→ AVAILABLE DATA
Content starts

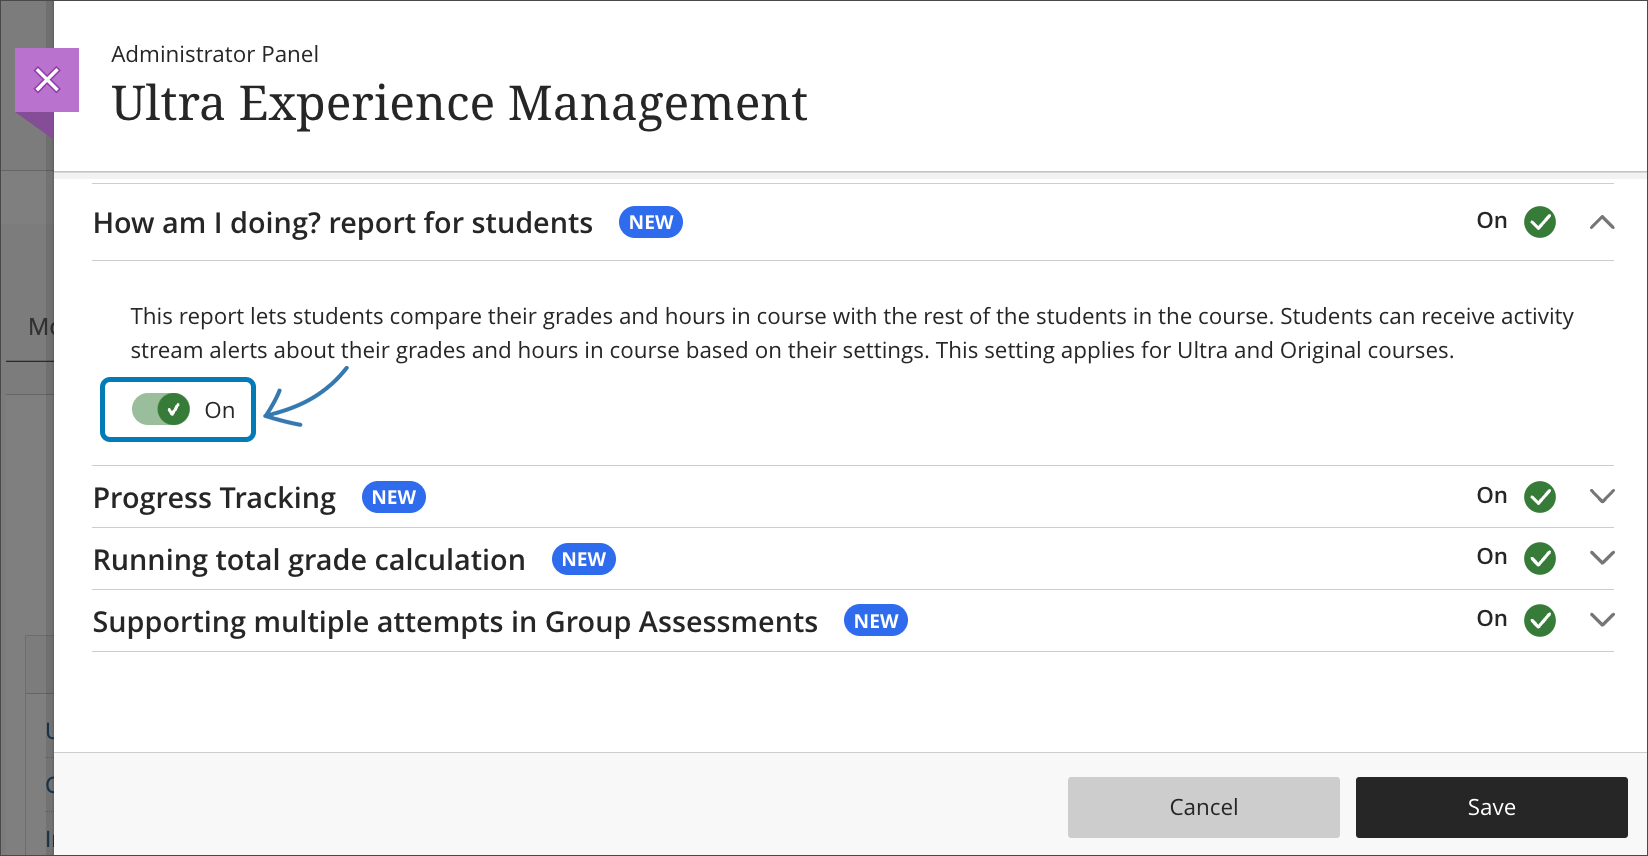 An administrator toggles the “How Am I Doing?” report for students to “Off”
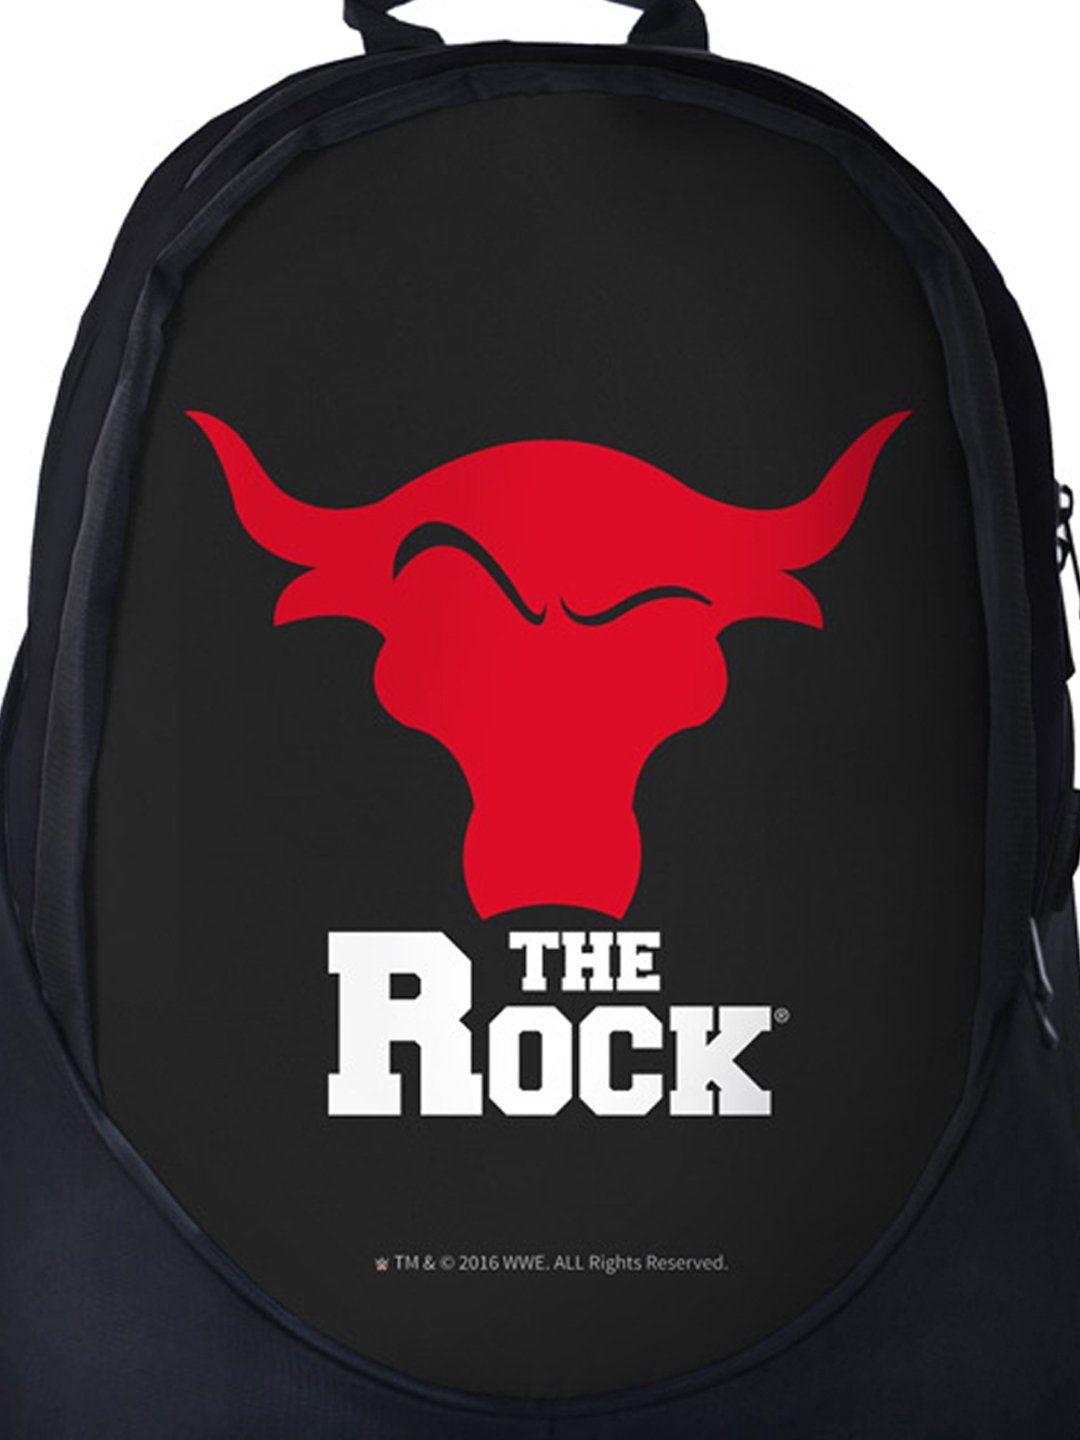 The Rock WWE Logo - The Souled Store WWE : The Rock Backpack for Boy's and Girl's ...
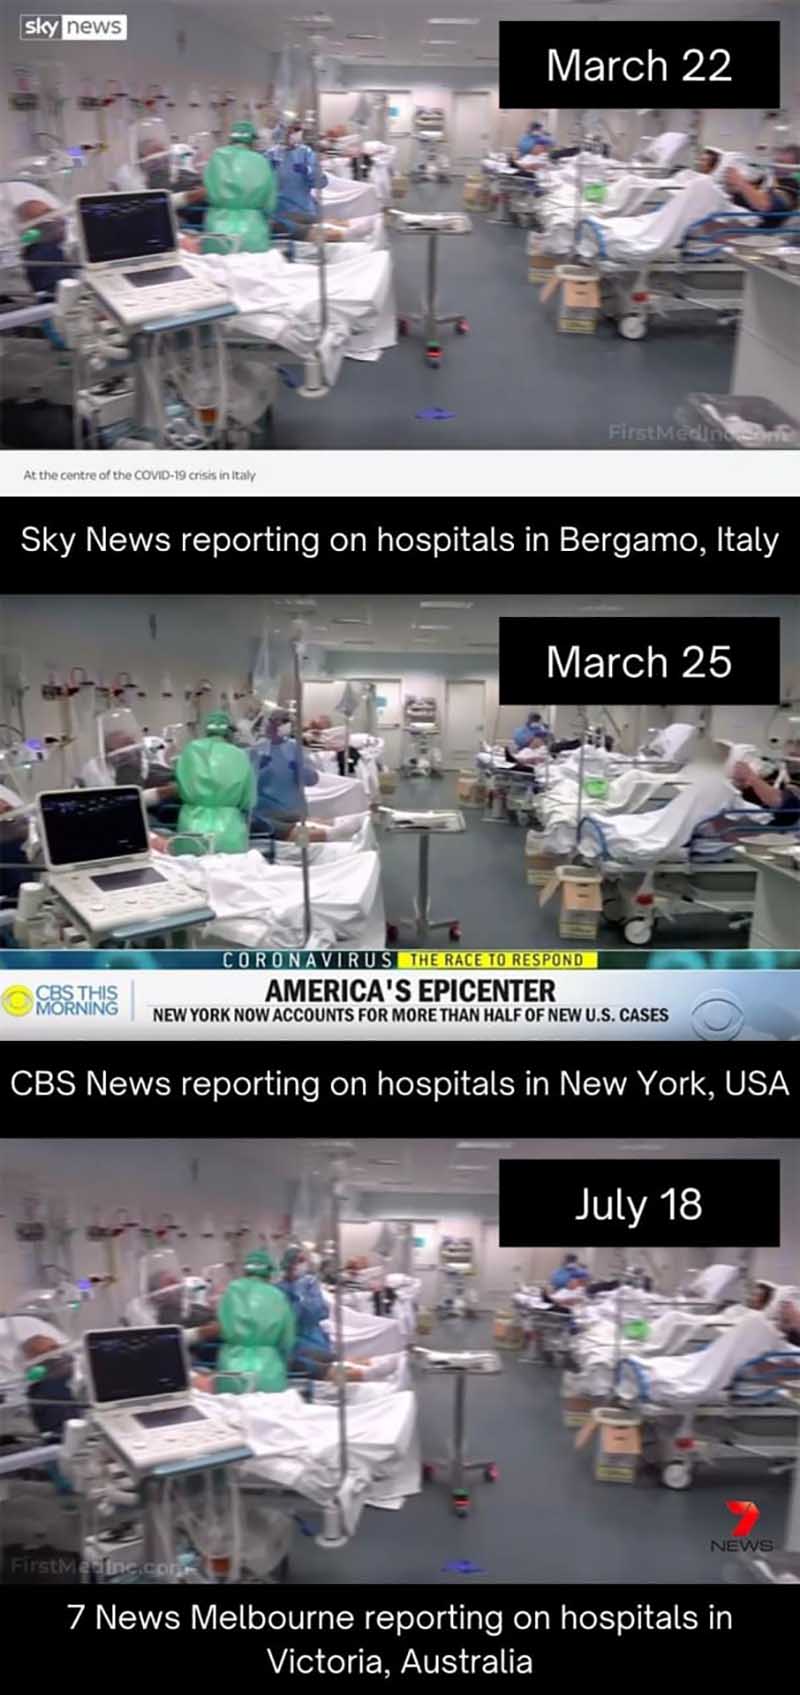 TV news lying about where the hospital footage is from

Content ends

→ INSTRUCTIONS FOR THE TASK
Please reprint the whole listing exactly and omit its pictures.

→ WRITTEN REPLY
 An administrator toggles the “How Am I Doing?” report for students to “Off”
 The Rock WWE Logo - The Souled Store WWE : The Rock Backpack for Boy's and Girl's ...
 TV news lying about where the hospital footage is from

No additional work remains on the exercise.